Recipe: at dinner Mokimo

Share on Tumblr
Share on Pinterest
Share on WhatsApp
Recipe: at dinner Mokimo
Page content

Recipe: at dinner Mokimo Delicious, fresh and tasty.

Mokimo. Mukimo Recipe: Mukimo is a meal whose origin is Central Kenya (Agikuyu community) but it's being served in hotels across the country keeping in mind of the diversity of Kenyan people. So if you have been wondering on how to prepare these meal at home,here is a simple recipe to guide you through. Tuko.co.ke News ☛ ★MUKIMO RECIPE★ Want to enjoy the delicious mukimo and beef stew with friends and family?
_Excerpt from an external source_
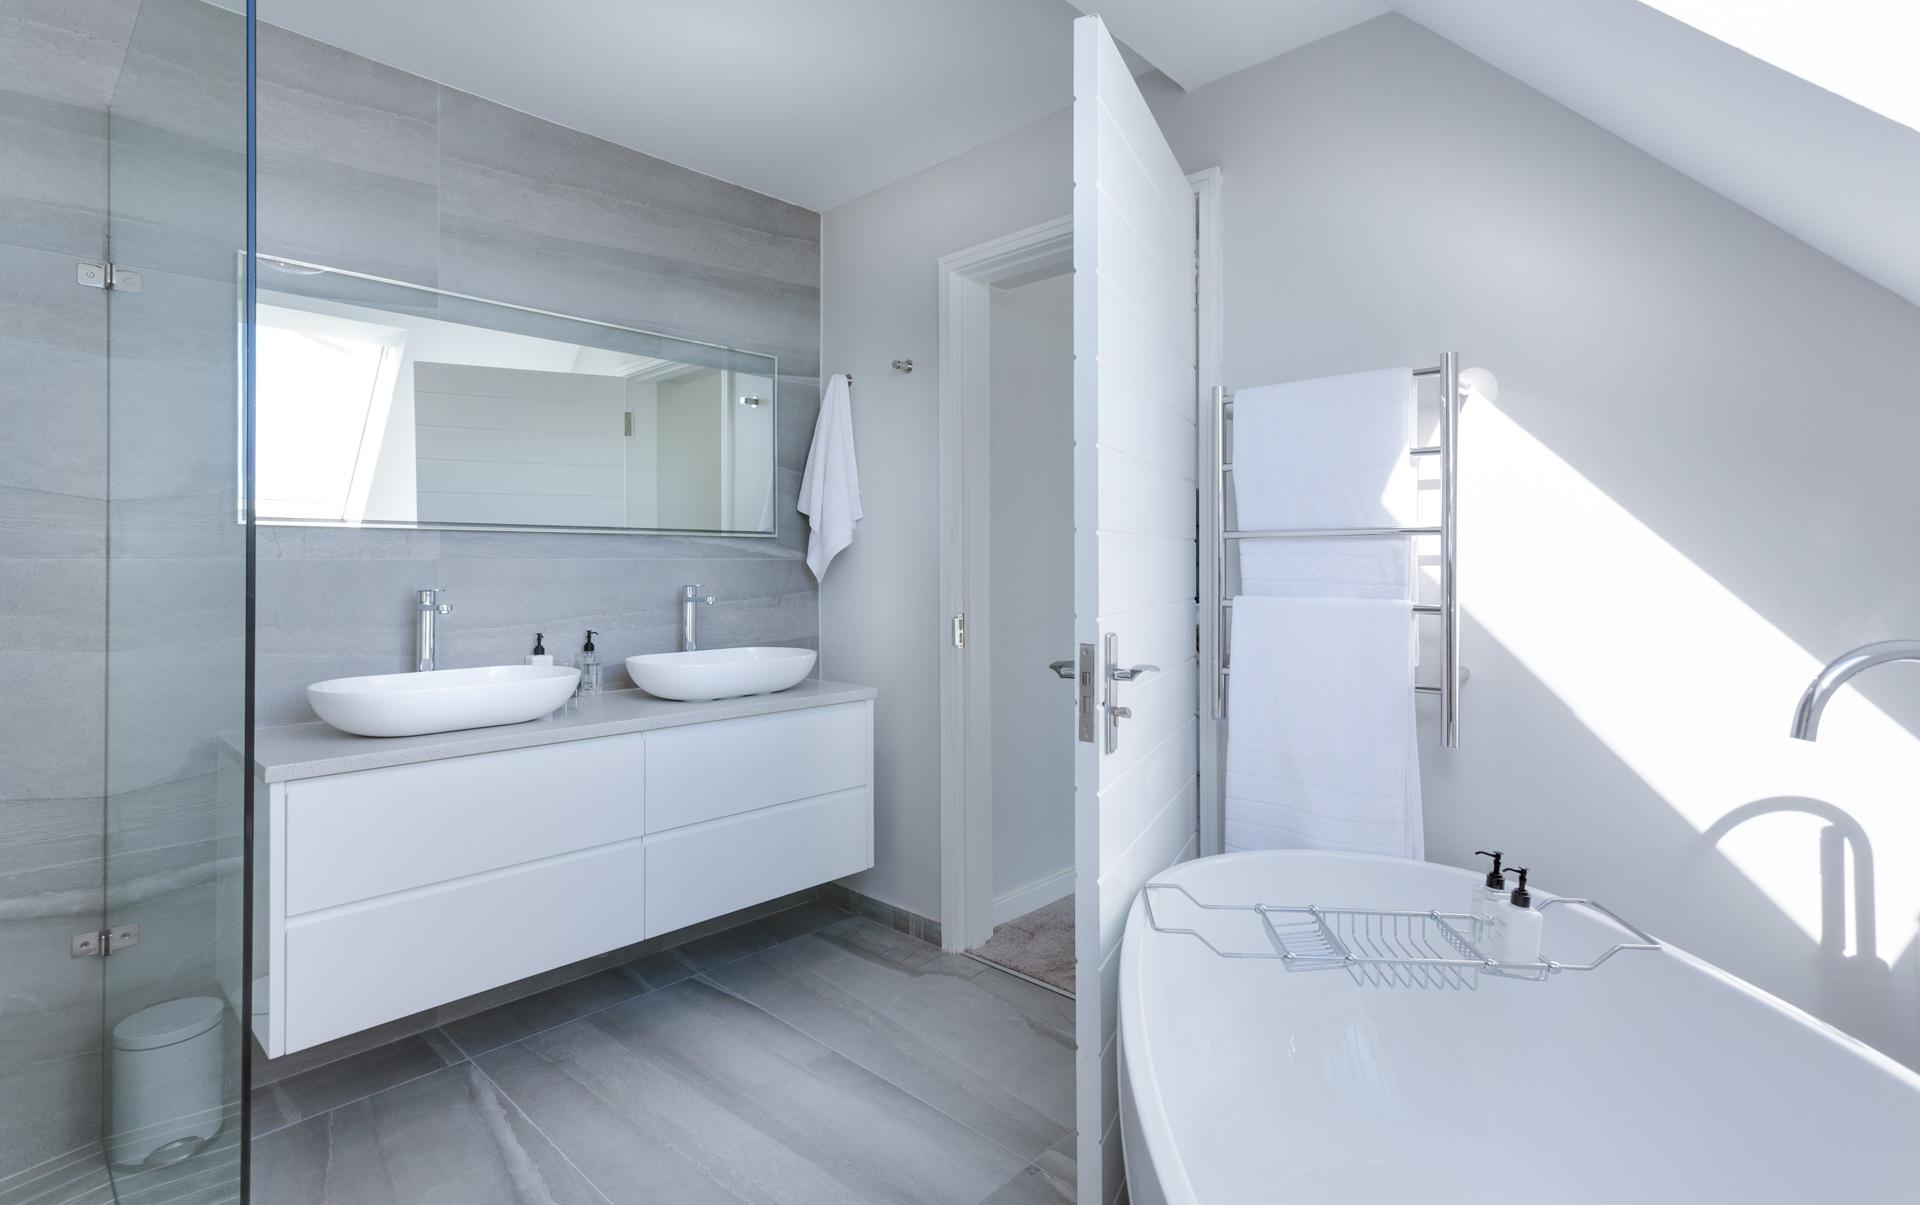 Salle de bain clé en main Rennes - Installation, rénovation, neuf

Mukimo is the staple food for the Kikuyu people in Central Kenya.

It is cooked all year round and in important functions like the traditional weddings, circumcision ceremonies, and dowry negotiations and so on.

Mukimo (Irio) is a Kenyan meal (predominantly from communities living around Mount Kenya) prepared by mashing potatoes and green vegetables.

You can cook Mokimo using 6 ingredients and 4 steps. Here is how you cook it.

Ingredients of Mokimo

  1. You need 12 of big potatoes.

  2. It’s 1 of large red onion.

  3. You need leaves of Enough pumkin.

  4. Prepare 1 cup of fresh green maize.

  5. You need 1 cup of peas.

  6. Prepare of Little oil.

It may also include maize and beans.

Mukimo is mostly served as an accompaniment for meat-based stew and nyama choma.

Though originally from the central part of Kenya, Mukimo is now consumed amongst various communities in Kenya.

See recipes for Plain Mukimo, Mukimo puree, Mukimo, Mukimo ya njahi too.

Mokimo instructions

  1. Boil the maize, peas, potatoes and pumkin leaves separately.

  2. Fry tge onions to translucent.

  3. In a different pan, mix the maize, pease, onions and pumpkin leaves, add the boiled potatoes and mash them to a very fine paste…

  4. Serve with your prefered stew.. Enjoy.

Mukimo is a kenyan dish which mainly originates from the kikuyu community.

It comprises of maize, potatoes, peas and salt.

Peas are sometimes normally expensive and can be substituted with kahurura (pumpkin leaves) as is regularly done in Kenyan households.

Kenyan dishes are very diverse and they vary depending with the different communities.

They have evolved and been adapted to suit the regions and cultures.